Times are tough and he's running out of space so he doesn't want the
accumulate media files duplicated all around the place wasting space to
conserve storage.
If the official wikis have broken 3rd party tools, then it makes the
whole adoption process less easy, less friendly, very cryptic, more
chaotic; and give the impression that btrfs is a mess and not ready (and
Linux as a whole). He would not know or have the time to go through the
code of each deduplication program tool option to figure out if one type
or the other type is better just like Zygo Blaxell did who can read
code. Even if he wanted to, he doesn't know how to nor has the time to
do it. He says good-bye to openSuse and buys Windows.
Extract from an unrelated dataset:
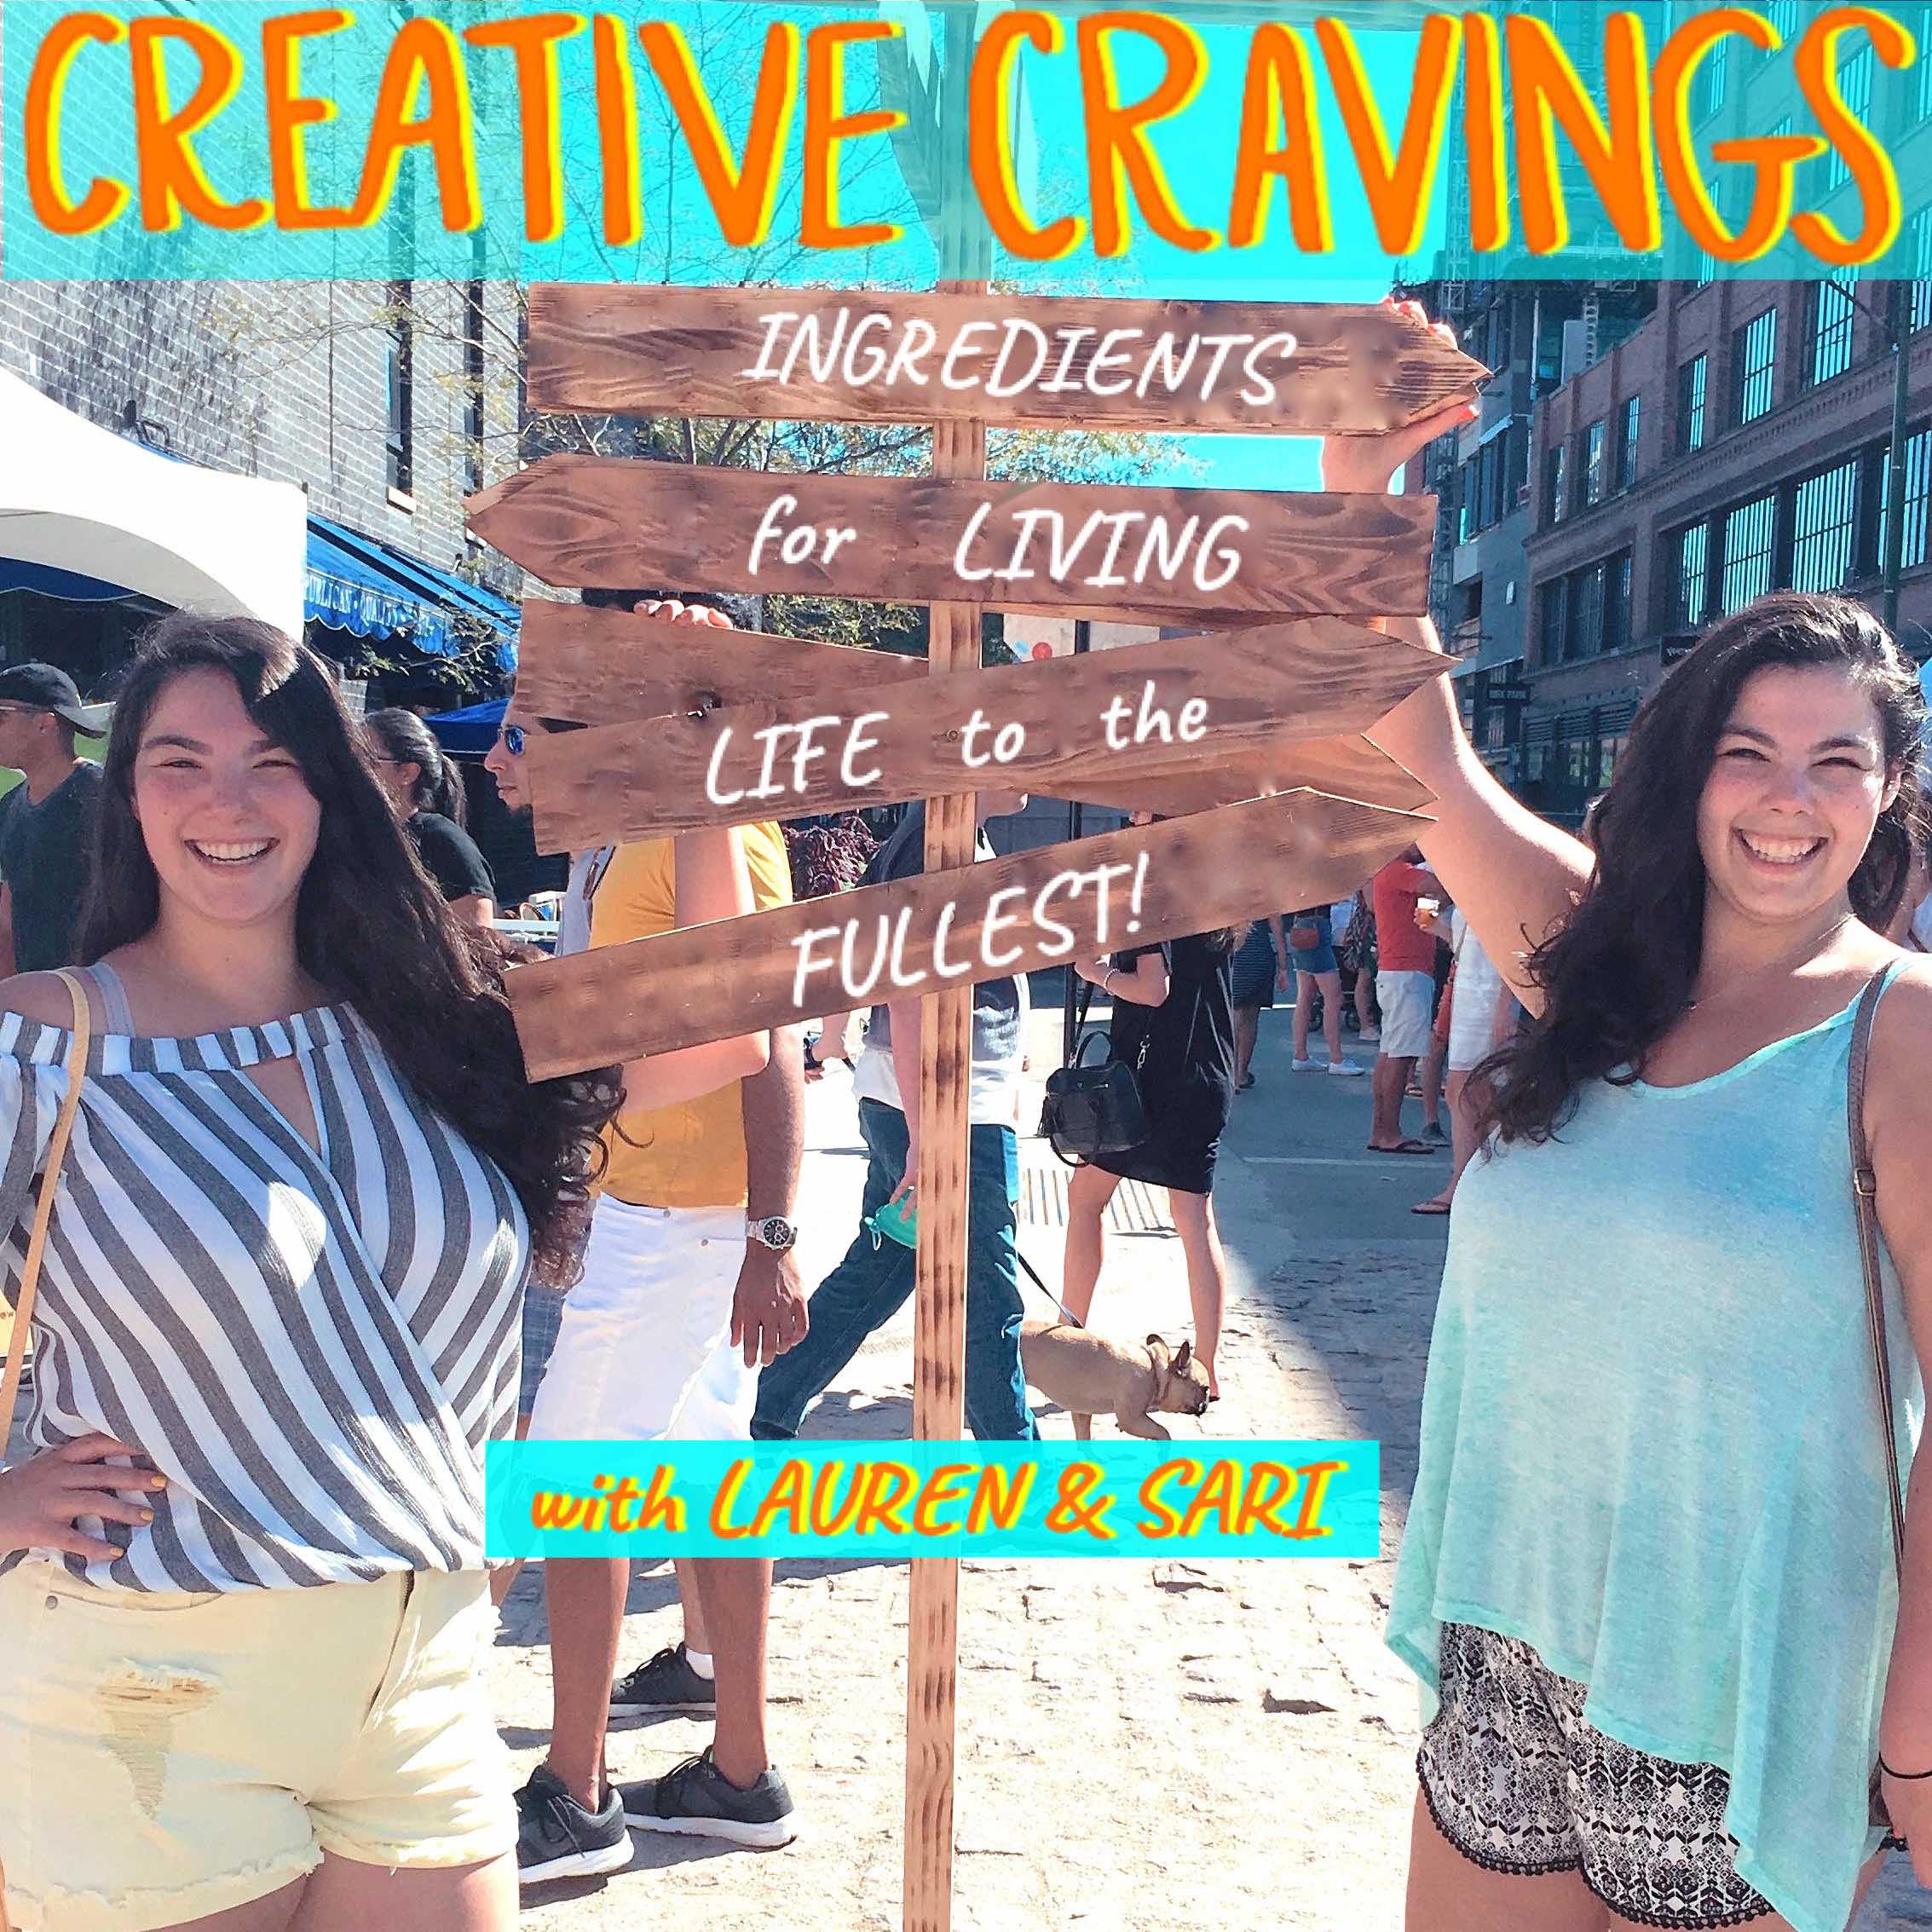 Ep 11: Let's Taco 'bout Joy, Gratitude, & Belonging   with Sari Feingold and Lauren Feingold @creative.cravings   5.6.19 (Cinco de Mayo!)

So I do agree with waxhead. It would be preferable if there were an
official btrfs deduplication command from btrfs-progs instead of relying
on 3rd parties. Joe Bloggs example above can read a web-page
instructions saying "run this command... and then this command..."; but
he will not have the knowledge, nor comprehension nor time to go through
code.
Thanks David Sterba for removing the items and updating the wiki!
On 19/6/20 6:43 am, Zygo Blaxell wrote:
> The point about lack of maintenance with changing Rust dependencies is
> fair, but "data loss" is a strong and unsupported statement. Can you
> explain how data loss could occur in even a badly (assume not maliciously)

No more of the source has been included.